Home Page: CSCI 381 - Advanced Cryptography - Fall 2009 - George Washington University

Instructor: Poorvi Vora

Text: None. See this website for references.

Schedule: Thurs., 7:10 - 9:40 pm, Rome 202.

Course Content: Elliptic Curve Cryptography. Provably secure PRNGS. Zero-knowledge proofs. Special topics chosen according to student and instructor interests.

Grading: Class participation, paper presentations and reviews, and a final project paper.

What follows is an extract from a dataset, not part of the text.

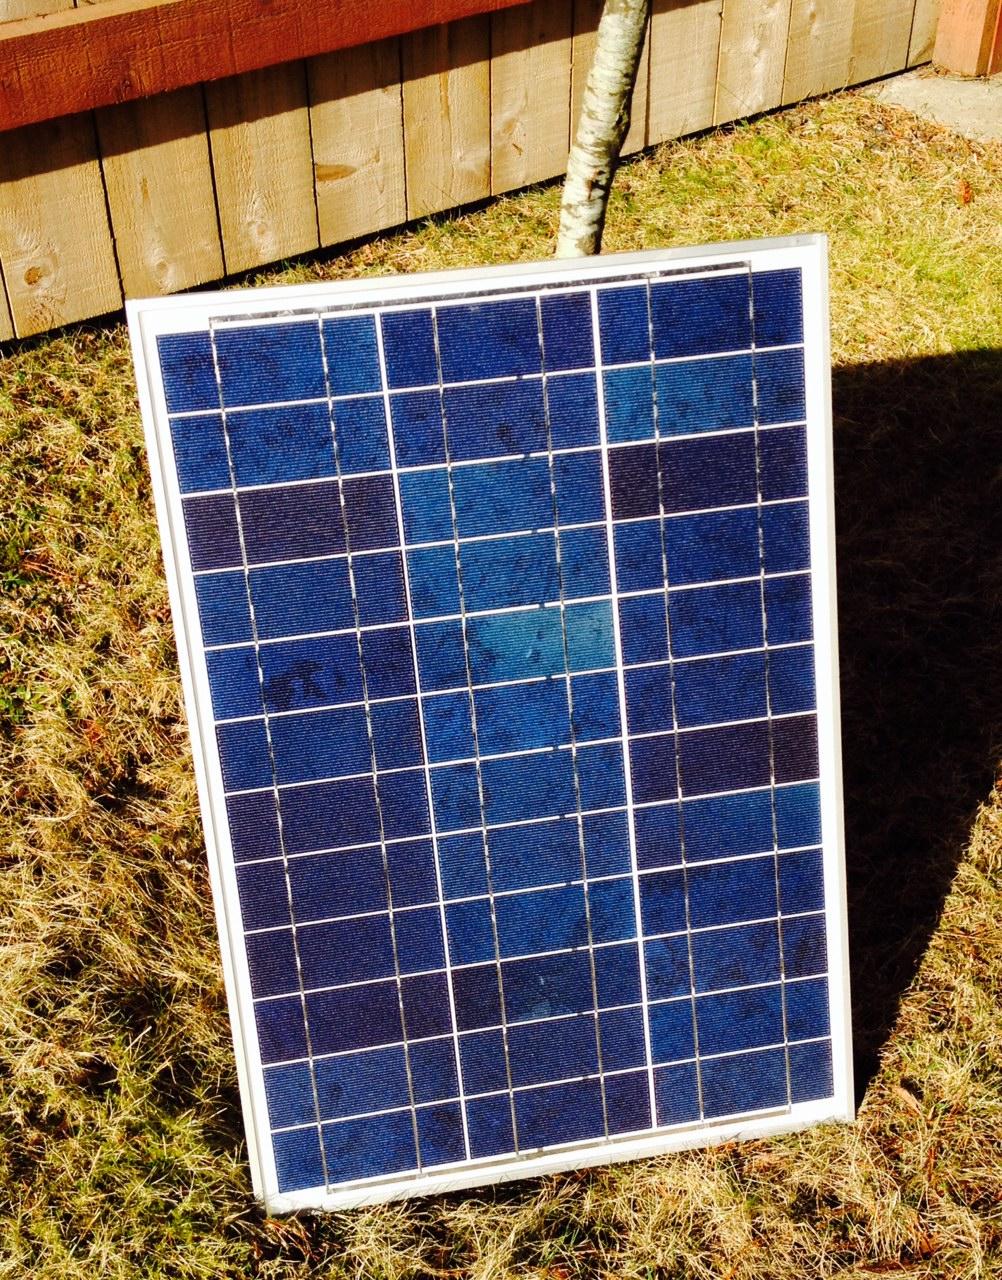 50-watt-solar-panel-vancouver-island-bc-canada-15393-zoom.jpg

Prerequisites: both CS 284 (intro graduate crypto) and CS 212 (graduate algorithms) or equivalent exposure to algebra and mathematical proofs.


Course Outline

Planned Schedule

3 September 2009
Lecture 1: Cryptography over groups: review algebra, Diffie-Hellman, El Gamal, efficient exponentiation over groups, digital signatures. ElGamalEtc
References
Wenbo Mao, Modern Cryptography, pp. 139-152.
Blake et al, Elliptic Curves in Cryptography, pp. 1-10

10 September 2009
Lecture 2: Elliptic Curve Cryptography: elliptic curve algebra
References
Wenbo Mao, Modern Cryptography, pp. 166-173.
Neal Koblitz, A Course in Number Theory and Cryptography. pp. 179-182.
Neal Koblitz, Algebraic Aspects of Cryptography. pp. 132-133, 134-136.
Certicom Tutorial
FIPS 186-2 Digital Signature Standard (DSS)

17 September 2009
Lecture 3: Information theory of secrecy: perfect secrecy, unicity distance. Computational theory of secrecy for PRGs: definitions
References
1. Claude E. Shannon, Communication Theory of Secrecy Systems, Bell System Technical Journal, vol.28-4, page 656--715, 1949.
2. Doug Stinson, Chapter 2, "Cryptography: Theory and Practice", Third Edition, 2006.
3. Goldwasser and Bellare, Lecture Notes on Crypto, section 3.1.

24 September 2009
Lecture 4: Existence of PRNGs.
References
1. Goldwasser and Bellare, Lecture Notes on Crypto, section 3.2
2. A. C. Yao. Theory and Applications of Trapdoor Functions. Proceedings of the 23rd FOCS, IEEE, 1982, pp. 80-91. FIX
3. Yehuda Lindell's lecture notes on hard-core predicates
Student Presentation On: Shamir Secret Sharing. Reference for Presentation Adi Shamir, How to Share a Secret, CACM, 22:11 1979. Also see: Doug Stinson, "Cryptography: Theory and Practice", Third Edition, 2006, pp. 481-486

1 October 2009
Lecture 5: Next-bit Tests.
References
1. Goldwasser and Bellare, Lecture Notes on Crypto, section 3.3
2. A. C. Yao. Theory and Applications of Trapdoor Functions. Proceedings of the 23rd FOCS, IEEE, 1982, pp. 80-91. FIX
Student Presentation On: Computational Secret Sharing. Reference for Presentation: Hugo Krawczyk. Secret sharing made short. In Advances in Cryptology: Proceedings of Crypto '93, pages 136-143. Springer-Verlag, 1993

8 October 2009
Lecture 6: Zero-knowledge Proofs and Bit Commitments.
References
1. Goldwasser and Bellare, Lecture Notes on Crypto, sections 11.1.3, 11.2
2. Oded Goldreich. Zero knowledge Twenty Years after its Invention. Part I.
3. Gaurav Jain. Zero Knowledge Proof Systems - A Survey

15 October 2009: Student Presentations

22 October 2009: Student Presentations

29 October 2009: Student Presentations

5 November 2009: Student Presentations

26 November 2009
No lecture. Thanksgiving.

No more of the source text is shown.